En 1799, Goethe donne pour titre Le Collectionneur et les siens (paru en langue française aux Editions de la Maison des Sciences de l’Homme, Paris, 1999) à huit lettres fictives qui, ensemble, constituent un roman. C’est dans celui-ci qu’il présente sa conception des collections privées et fait part de son intérêt pour la psychologie des collectionneurs.

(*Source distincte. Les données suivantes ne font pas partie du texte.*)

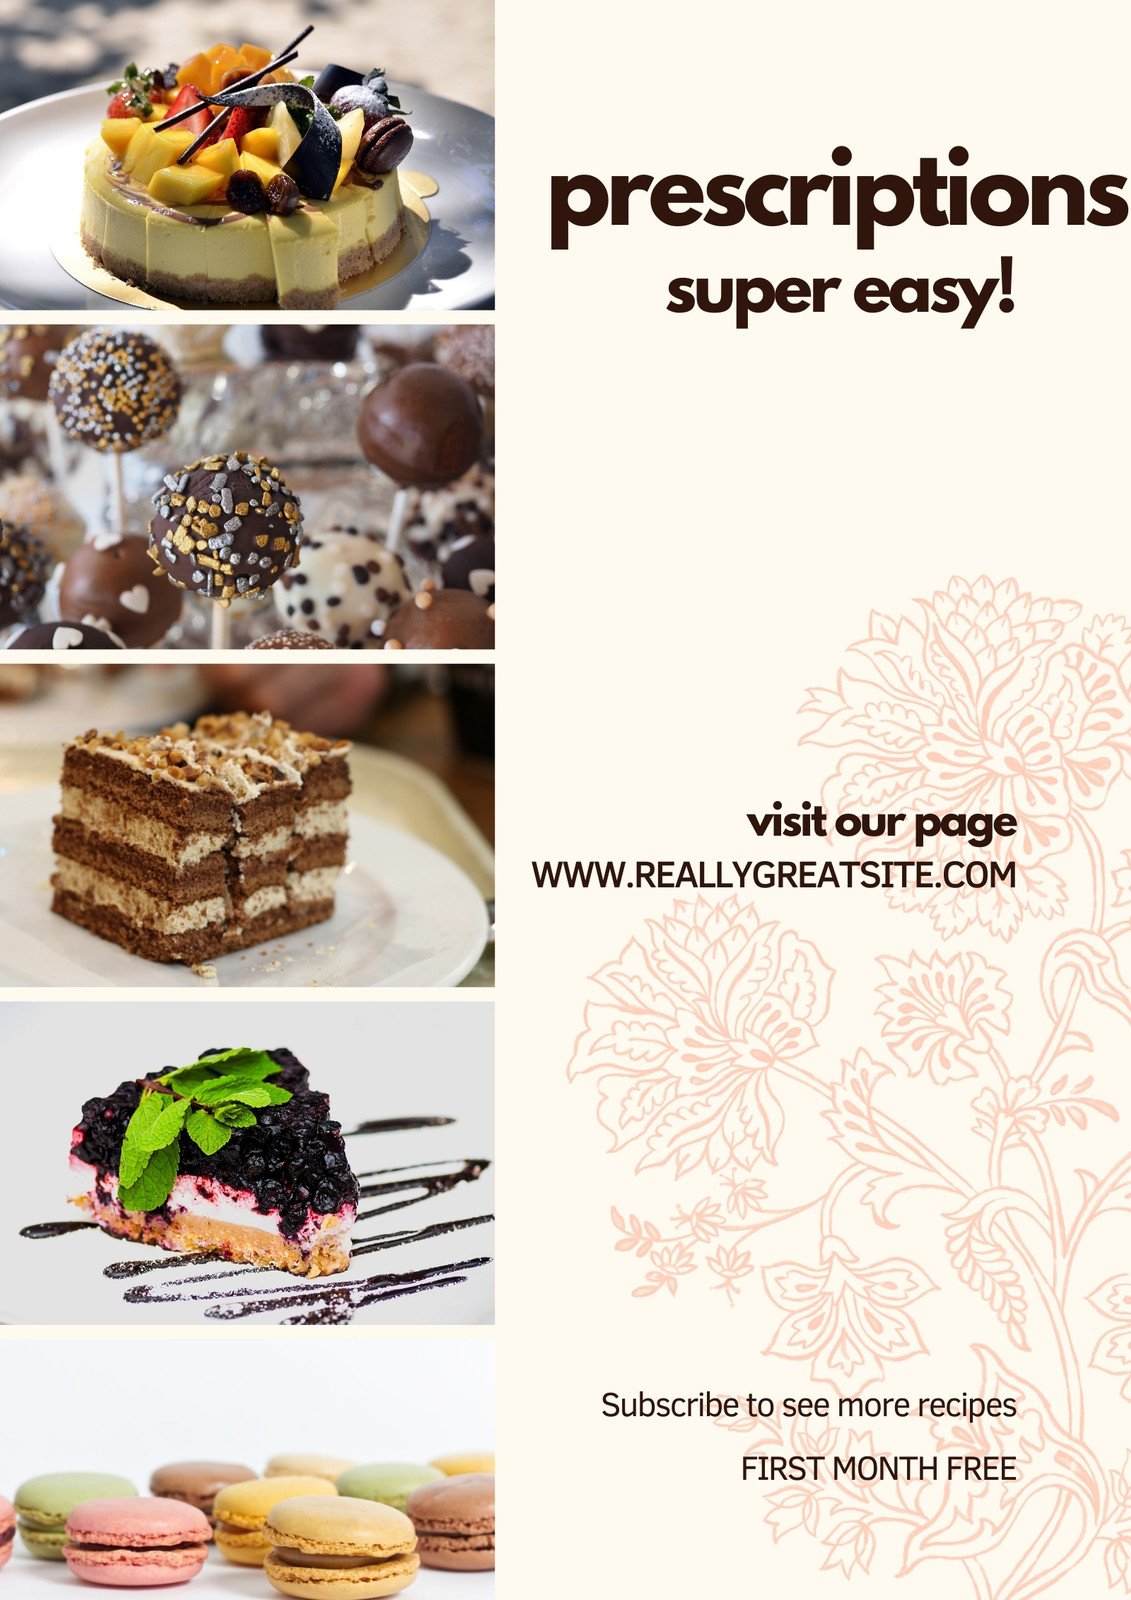 Bakery - Cake & Bakery Products Shop Joomla Template - TemplateToaster

Les objets conservés par Goethe, dont certains provenant de ses collections, sont désormais exposés dans une série de maisons, dites maisons de Goethe, sises dans plusieurs des villes qui l’hébergèrent, que se soit à Weimar, à Francfort, ou à Rome par exemple. Des expositions temporaires sur les Goethe, père et fils, collectionneurs s’y déroulent parfois (ex. à Francfort, en 2010).

Maison de Goethe à Francfort
Maison de Goethe à Francfort

Plus de 2000 dessins, surtout d’origine française, collectionnés par lui, sont rassemblés dans une des deux maisons de Weimar. Au total, huit maisons éclairent les visiteurs et les collectionneurs contemporains sur les diverses facettes de l’extrêmement riche personnalité de Goethe : romancier, poète lyrique, savant, voyageur, grand administrateur, dessinateur, ami d’artistes, directeur de théâtre et d’académie, amateur d’architecture, critique d’art, bibliophile, spécialiste de la couleur.

Utilisant ici un néologisme forgé au XXIe siècle, ne pourrait-on pas dire que Goethe, à l’instar par exemple de Charles Darwin, fut aussi un important « savanturier » (voir par exemple, Raphaël Enthoven, Descartes, le savanturier, audiolivre, Editions Naïve, Paris, 2009, ou Jean-Michel Billioud, Incroyables savanturiers. Ces savants-aventuriers, partis explorer le monde, embarqués dans des engins extraordinaires, Bayard, Paris, 2009), voire même un considérable « savancollectionneur » ?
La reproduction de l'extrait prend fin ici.